Roughly a third of what goes in the average household bin is food and garden waste — and once it’s buried in landfill, packed down with no air, it rots the wrong way and releases methane, a greenhouse gas dozens of times more warming than CO₂ over its first years. Compost the same scraps with plenty of air and that problem largely vanishes; instead you get a free, dark, crumbly soil improver that plants love.
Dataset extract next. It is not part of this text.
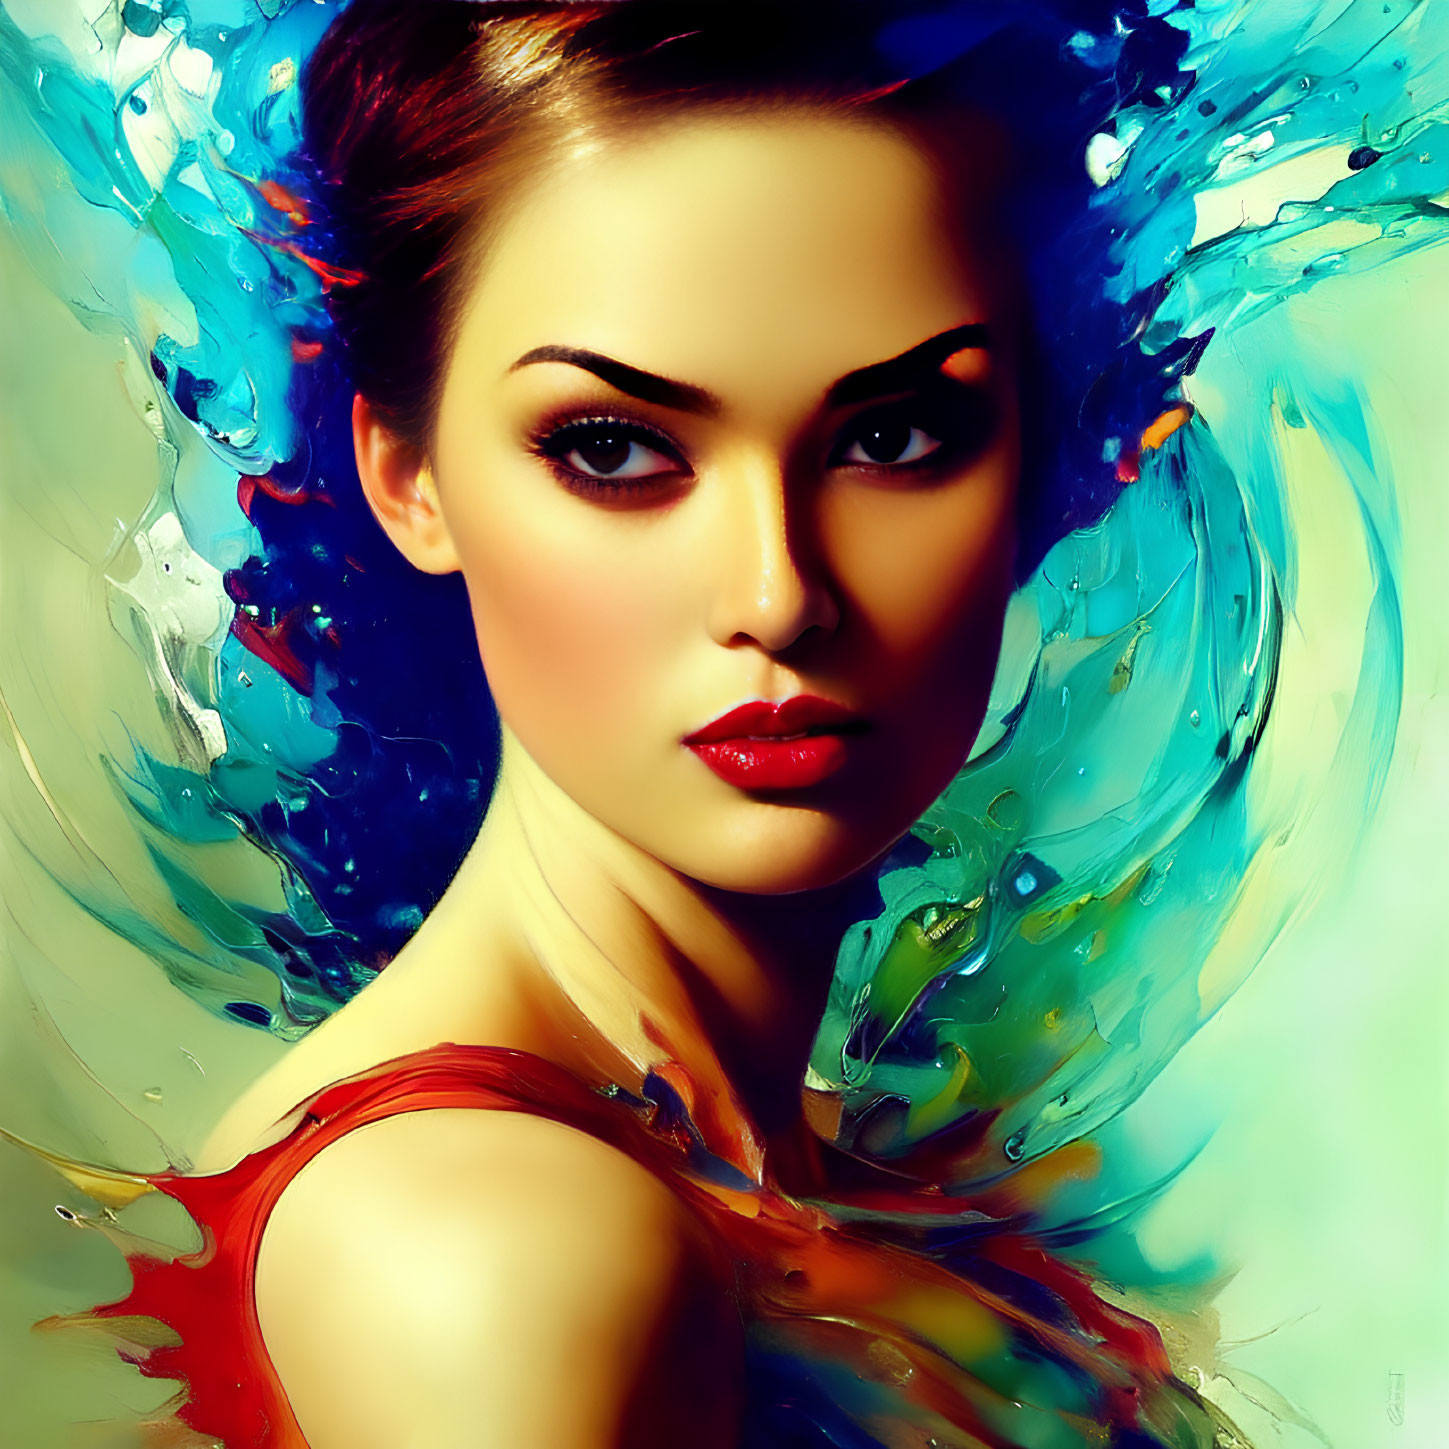 Vibrant blue and teal abstract digital artwork of a woman.

The science is just managed rotting. Microbes and worms eat your peelings, and the trick to keeping them happy — and the smell away — is balance: nitrogen-rich “greens” like veg trimmings and coffee grounds, mixed with carbon-rich “browns” like cardboard and dead leaves, plus a bit of air. Get the ratio roughly right and you’ll never get the slimy, sour heap people dread.
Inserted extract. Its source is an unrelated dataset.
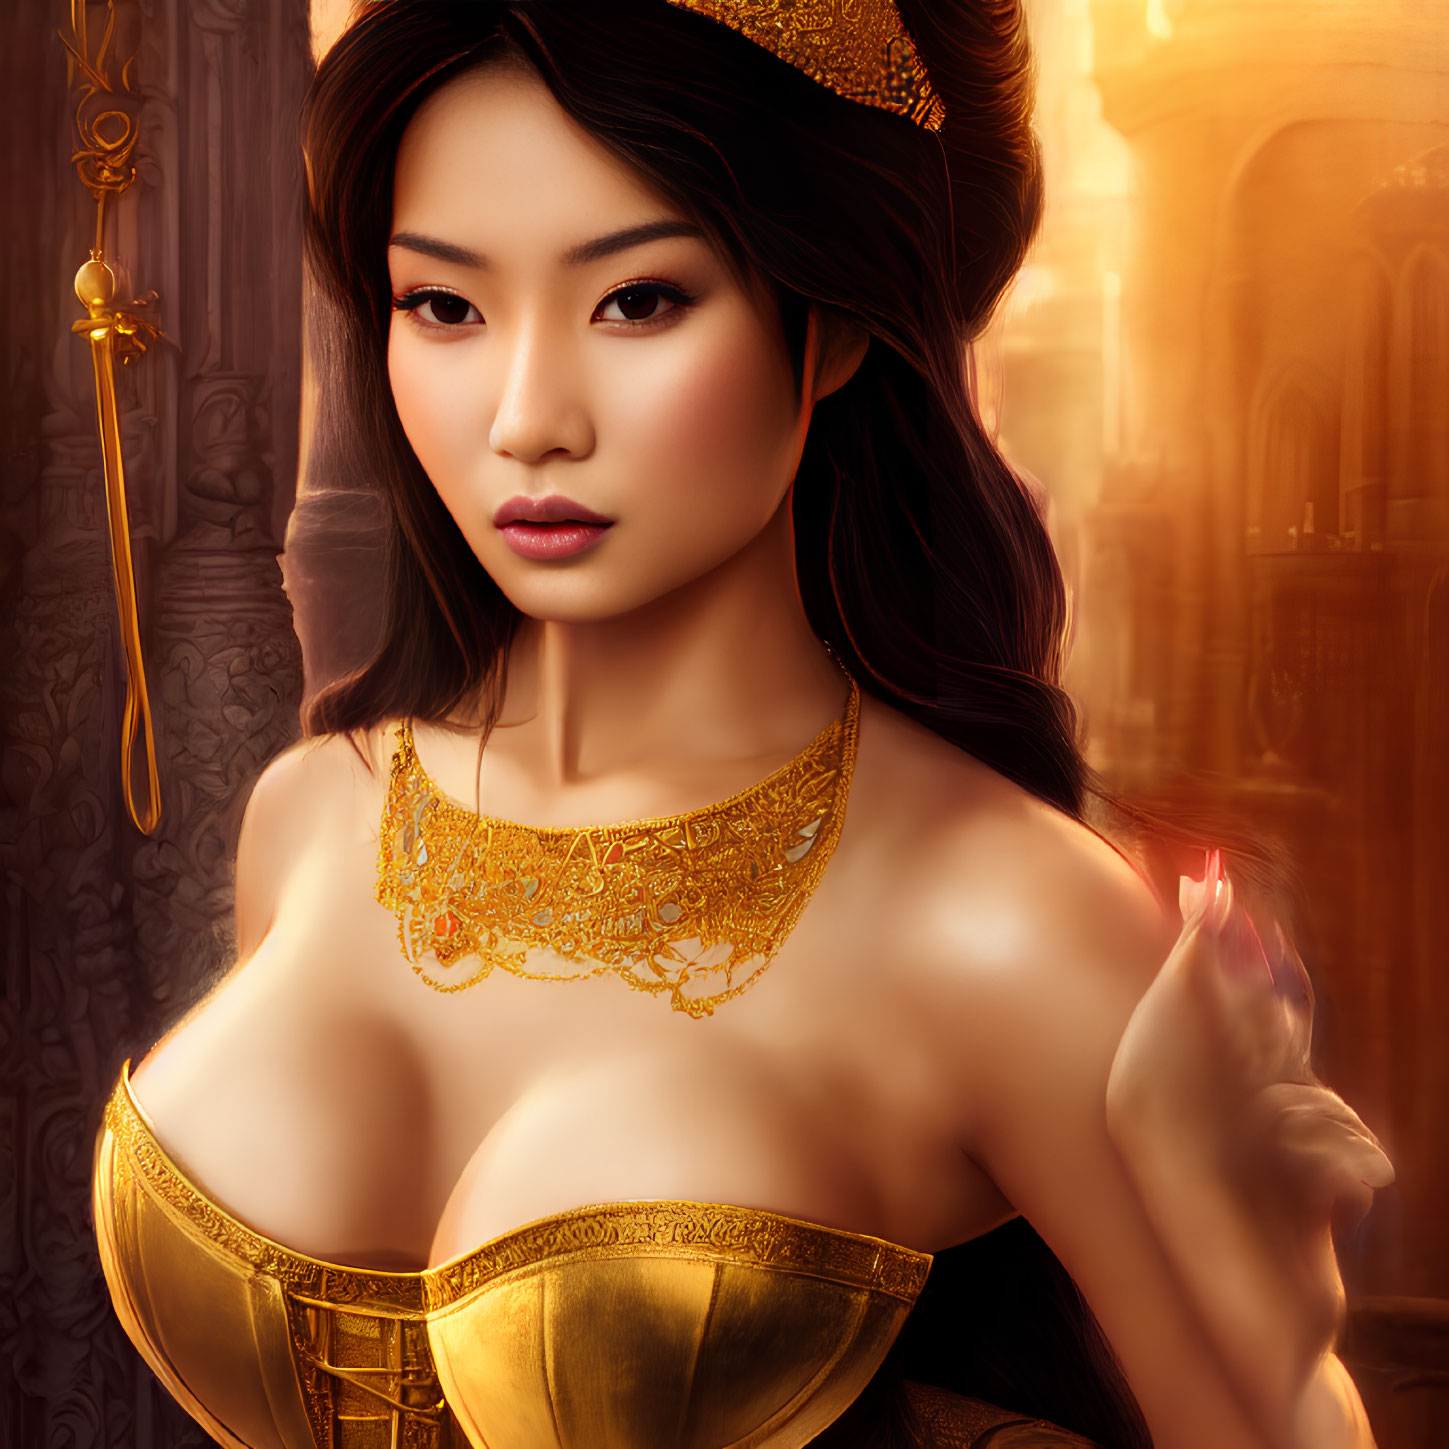 Elaborate Golden Headpiece and Necklace on Woman in Digital Portrait

One honest caveat: it isn’t instant, and an open garden bin won’t take cooked food without inviting rats. If you’ve only a balcony or want to compost leftovers too, a sealed bokashi bucket or a small wormery does the job indoors with no smell. Start with whatever fits your space — even a single bin quietly shrinks your rubbish and feeds next year’s tomatoes.

How to do it

  1. Pick your method: an open or enclosed bin in the garden, a wormery on a balcony, or a sealed bokashi bucket if you've no outdoor space at all.
  2. Site a garden bin on bare soil in a part-shaded spot so worms and microbes can move in from below; stand a wormery or bokashi bucket somewhere frost-free.
  3. Layer 'greens' (veg peelings, coffee grounds, tea, grass clippings) with roughly twice as many 'browns' (cardboard, dead leaves, shredded paper) to keep it from going slimy.
  4. Skip cooked food, meat, dairy and bones in an open bin (they attract rats) — these only go in a sealed bokashi or hot composter.
  5. Turn or aerate a garden heap every couple of weeks; with bokashi, drain off the liquid and bury the fermented contents in soil or a wormery after two weeks.
  6. Harvest the dark, crumbly, earthy-smelling compost from the bottom after roughly six to twelve months and spread it on beds, pots or the lawn.

Pro tips & pitfalls

  • Too wet and smelly? Add more browns — torn-up cardboard or egg boxes — and give it a stir. Too dry and nothing's happening? Add greens and a splash of water.
  • No garden? Bokashi ferments everything (including cooked food and small bones) in a sealed bucket with no smell, and many German towns let you tip the result into the Biotonne or a communal plot.
  • Bury the spent bokashi or finished compost a hand's depth down; on the surface it can attract foxes and flies before it breaks in.

What it's good for

Good for the planet

  • Cuts waste Diverts the third or so of household bin weight that's food and garden scraps away from landfill and into your soil.
  • Cuts CO₂ Food rotting in landfill releases methane, a greenhouse gas far stronger than CO₂; composting with air avoids almost all of it.
  • Protects nature Finished compost feeds soil life and plants, so you skip the bagged peat compost and synthetic fertiliser entirely.

Good for you

  • Saves money A bin of homemade compost replaces €30–60 a year of shop-bought soil improver and feed.